Ketua PDPM Kota Blitar, Khabib Mulya, menyampaikan bahwa BAD ini bukan sekadar agenda pengkaderan rutin, melainkan forum strategis untuk membekali kader secara ideologis, spiritual, dan organisatoris.
“Kami ingin membentuk pemuda yang tidak hanya memahami sejarah dan nilai-nilai Muhammadiyah, tetapi juga mampu menjadi pelopor di tengah masyarakat. BAD ini menjadi ruang refleksi sekaligus afirmasi atas peran besar Pemuda Muhammadiyah bagi umat dan bangsa,” harap Khabib.
Kegiatan ini diawali dengan kontrak belajar yang bertujuan untuk menumbuhkan kedisiplinan dan membangun kesepakatan bersama selama rangkaian kegiatan berlangsung. Acara kemudian dilanjutkan dengan materi utama bertema “Ideologi Muhammadiyah dan Manifestasi Gerakan” yang disampaikan oleh seorang pakar Al-Islam dan Kemuhammadiyahan (AIK) dari Universitas Muhammadiyah Surabaya, Dr Maksun Jayadi MAg.
Materi tersebut berhasil menggugah peserta untuk memahami nilai dasar gerakan Muhammadiyah secara komprehensif.
Selanjutnya, Muh Arif Zuhri Lc MHI menyampaikan materi bertajuk “Manhaj Tarjih dan Moderasi Islam”. Ia menekankan pentingnya pendekatan Islam yang inklusif namun tetap teguh dalam prinsip. Para peserta mendapatkan wawasan mendalam tentang bagaimana Tarjih Muhammadiyah menjadi panduan gerakan yang kontekstual dan solutif.

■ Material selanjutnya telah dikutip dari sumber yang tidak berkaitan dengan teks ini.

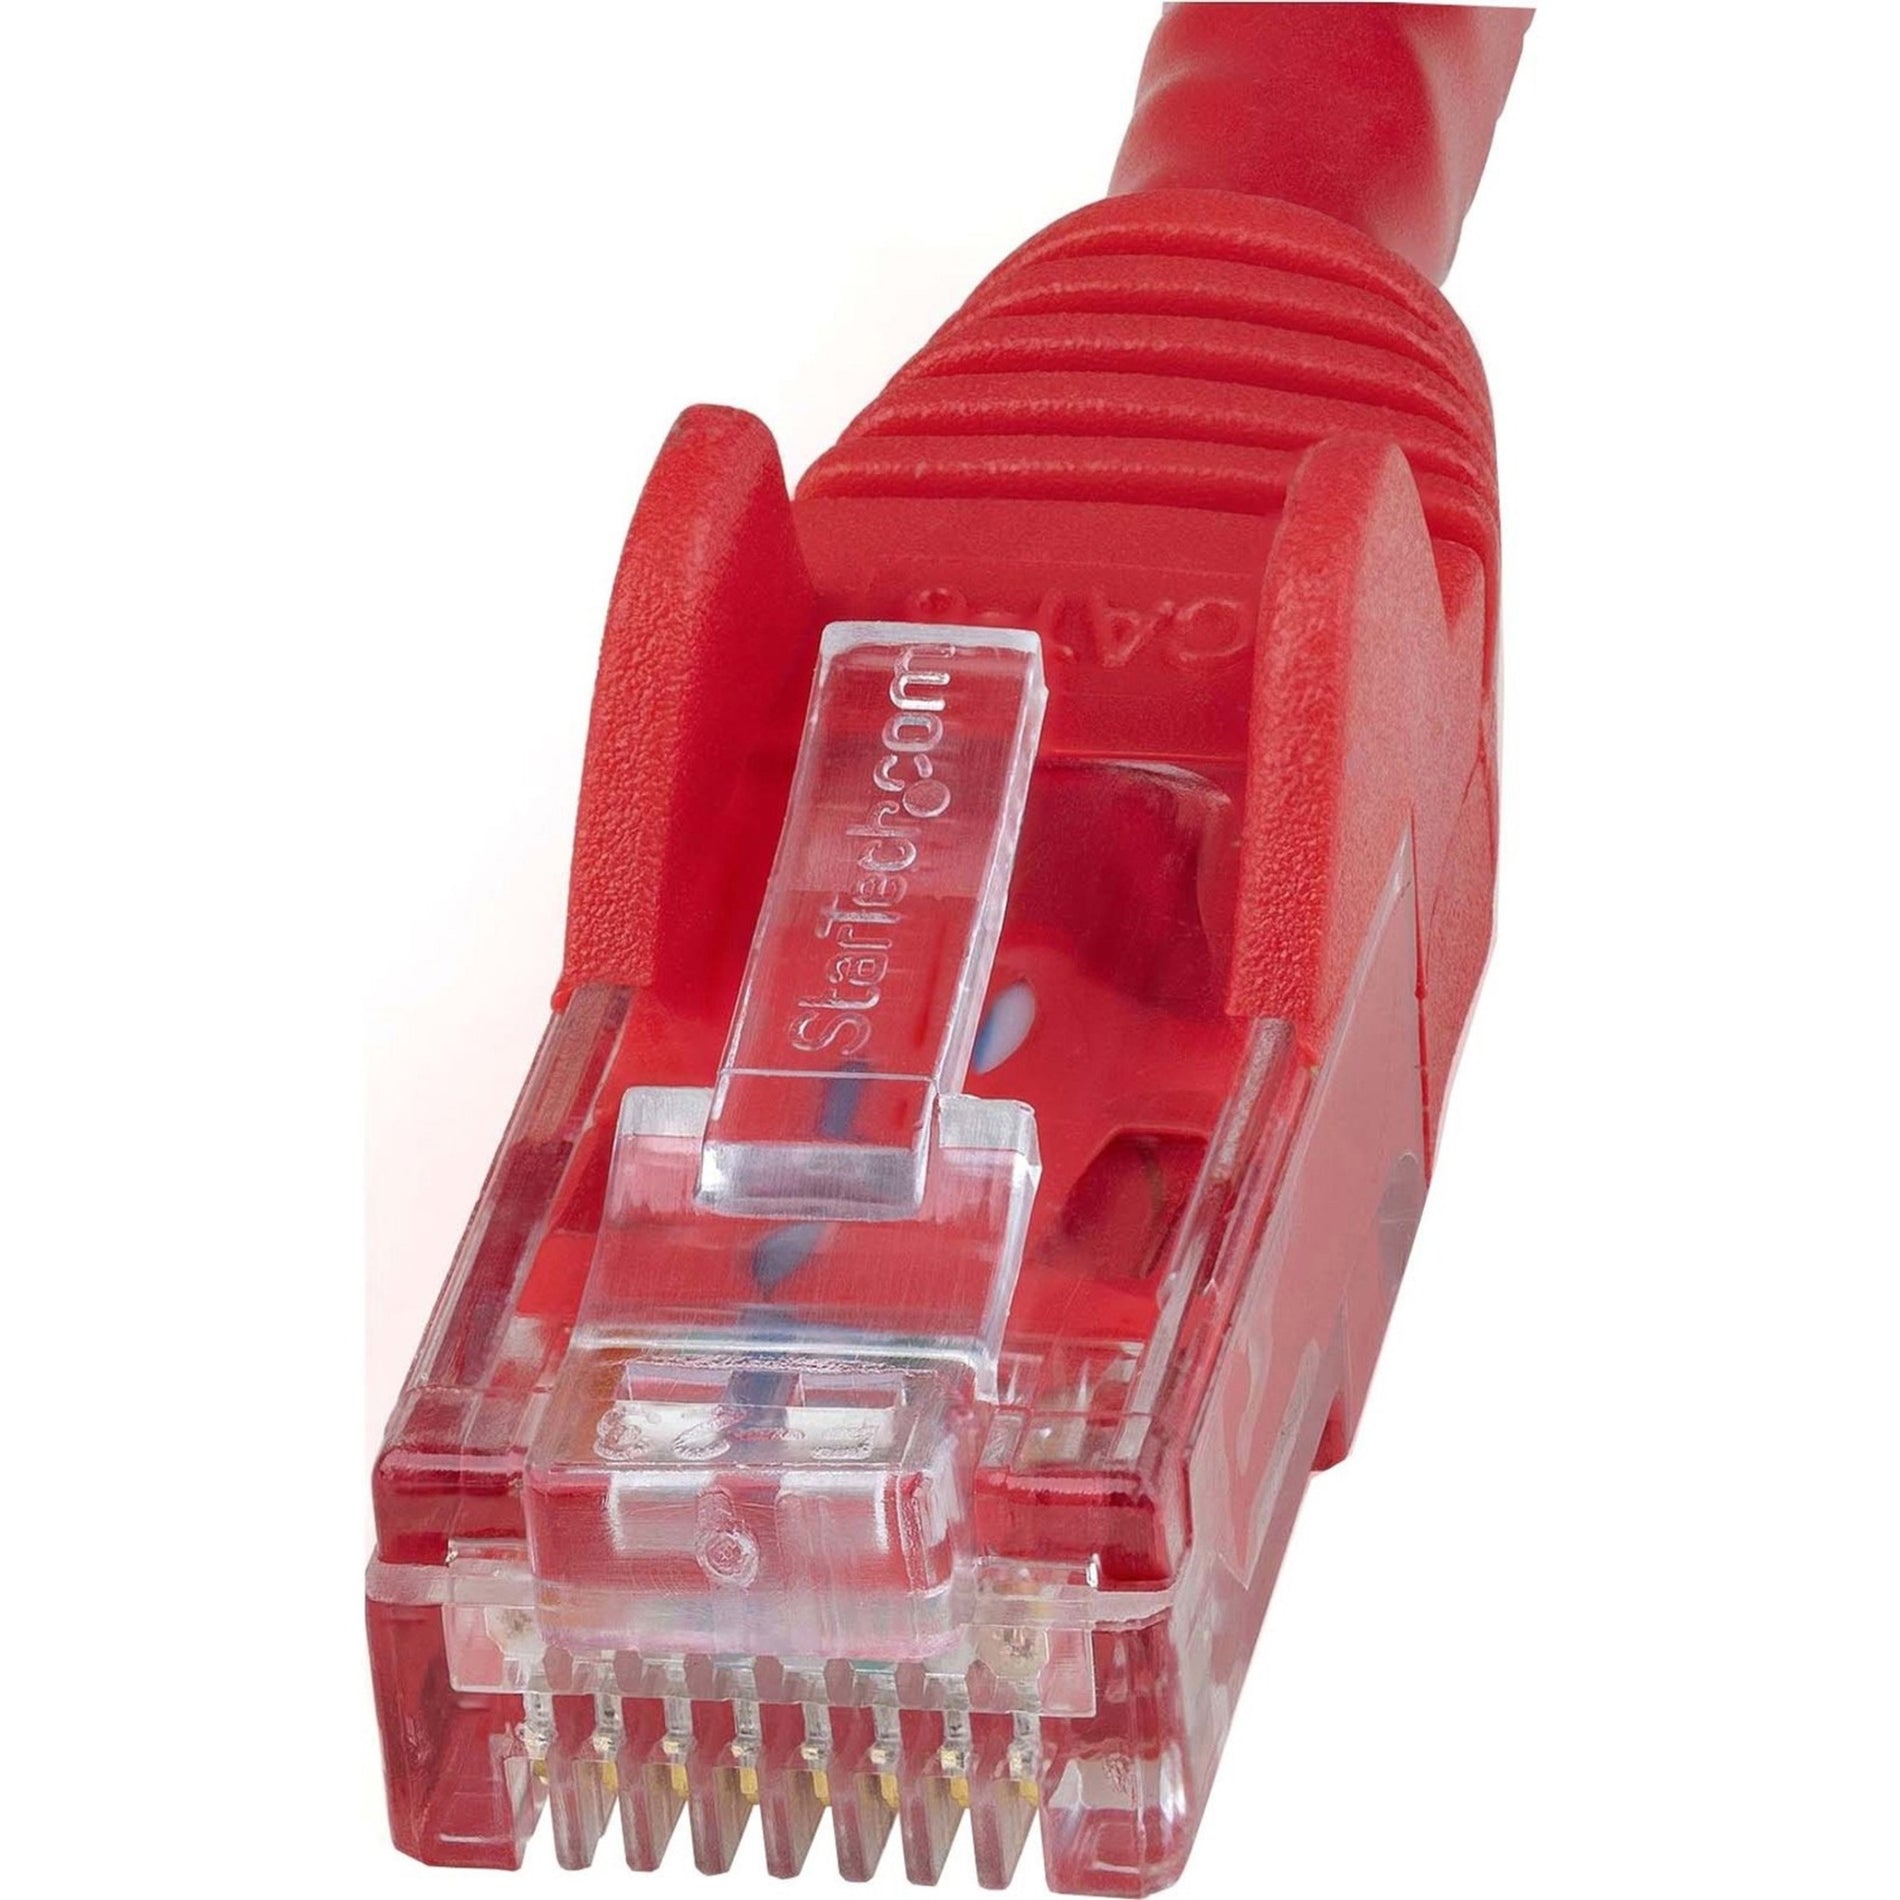 StarTech.com N6PATCH150RD Cat6 Patch Cable, 150ft Red Ethernet Cable, Snagless RJ45 Connectors

Selanjutnya, pada malam harinya, Komisioner Komisi Pemilihan Umum (KPU) Jawa Timur, Choirul Umam SPd menyampaikan materi bertajuk “Kepemimpinan Pemuda dan Diaspora Perpolitikan.”
Dalam paparannya, ia menantang peserta untuk tidak alergi terhadap dunia politik, namun justru mengisinya dengan nilai-nilai kejujuran, keberanian, dan integritas.
Hari kedua dimulai sejak dini hari dengan pelaksanaan Qiyamul Lail. Pada sesi pamungkas, Drs Joko Nurbatin menyampaikan materi berjudul “Pemetaan Kader Potensial untuk Menguatkan Komitmen Bermuhammadiyah” yang menyoroti pentingnya kontribusi kader dalam mendukung misi dakwah nasional Muhammadiyah.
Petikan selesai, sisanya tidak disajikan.